By Karen Armstrong, October 14, 2014- The Jewish Chronicle- Friday, 17, 2014



One of the received ideas of the modern West is that religion is an essentially private pursuit that should never intrude on public life; it is also thought to be so prone to violence that it must be rigorously excluded from politics. But the secular ideal is a purely Western invention that dates only from the 18th century.

In the pre-modern world, spirituality pervaded all human activities - including politics and warfare - so thoroughly that trying to confine it to a separate sphere would have been like trying to extract the gin from a cocktail.
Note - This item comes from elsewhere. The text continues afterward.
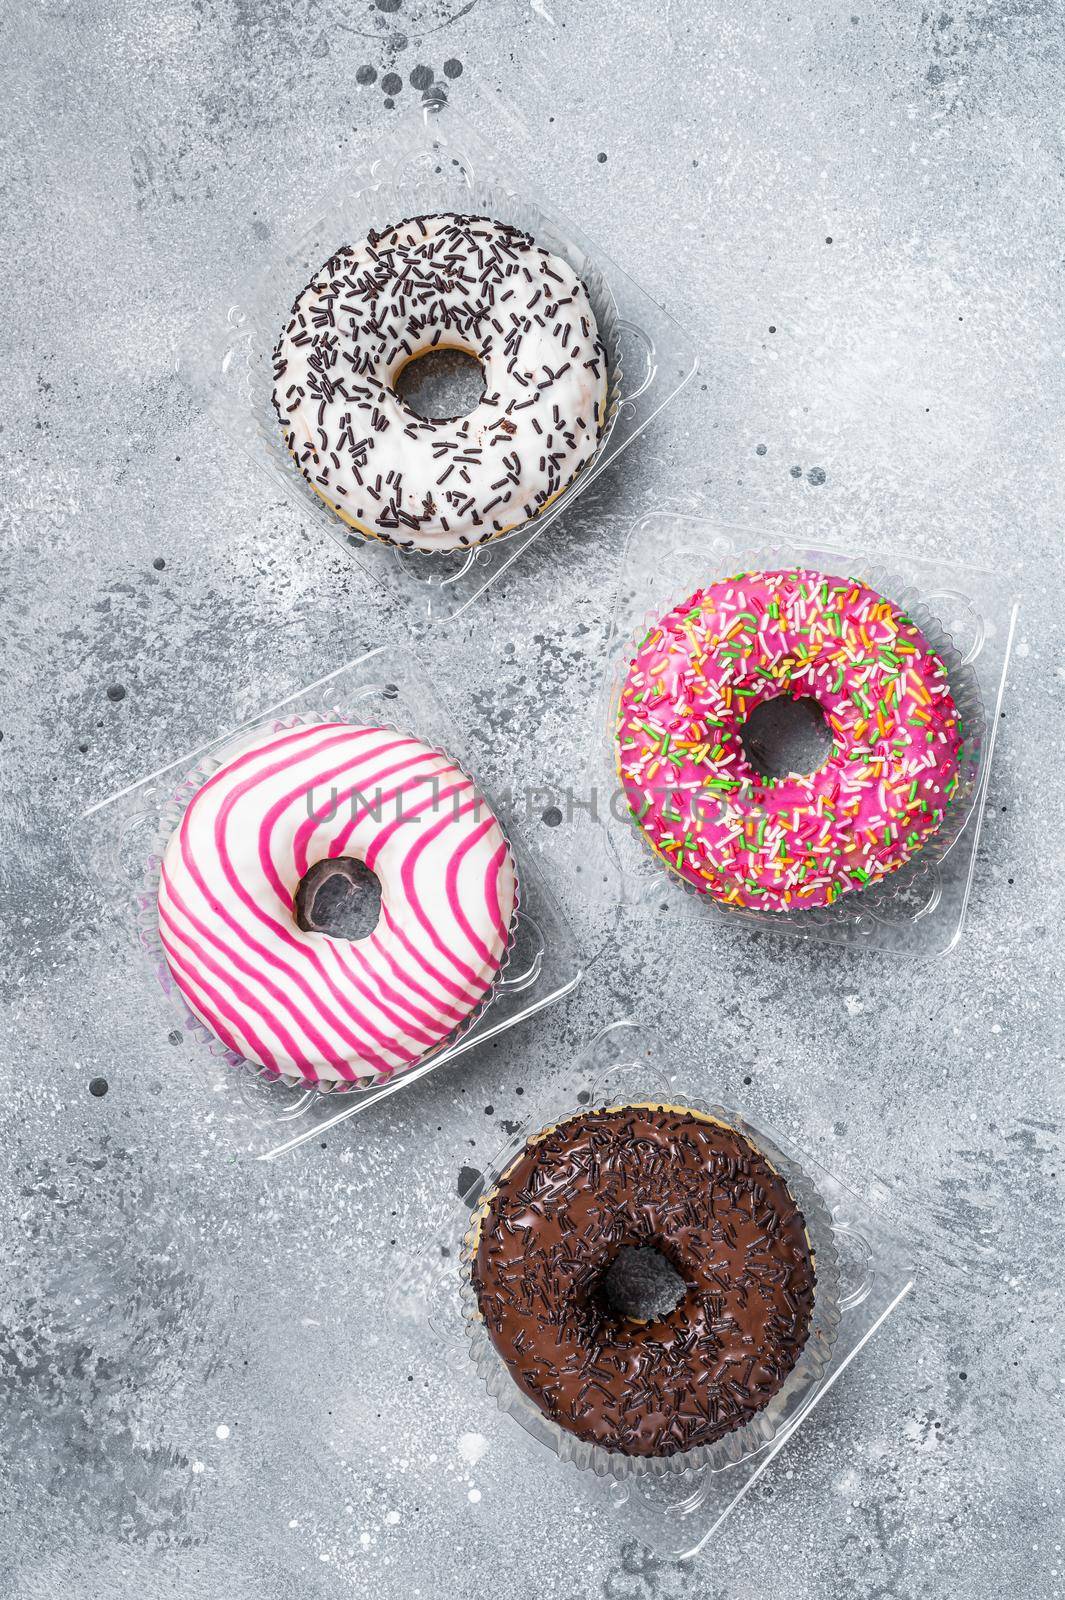 Assorted glazed donuts on a kitchen table. Gray background. Top view.

The prophets had harsh words for those members of the ruling class who observed the temple rituals punctiliously but ignored the plight of the poor and, in the Talmud, the rabbis aimed to bring the whole of life within the ambit of the sacred.

Jesus may have told his followers to "render unto Caesar the things that are Caesar's" but, in first-century Palestine, where every Jewish uprising against Rome was inspired by the conviction that the Land of Israel and its produce belonged entirely to God, there was precious little to "give back" to Caesar. The bedrock message of the Quran is that it is good to create a society where the vulnerable are treated with equity and respect, because this was a matter of sacred import.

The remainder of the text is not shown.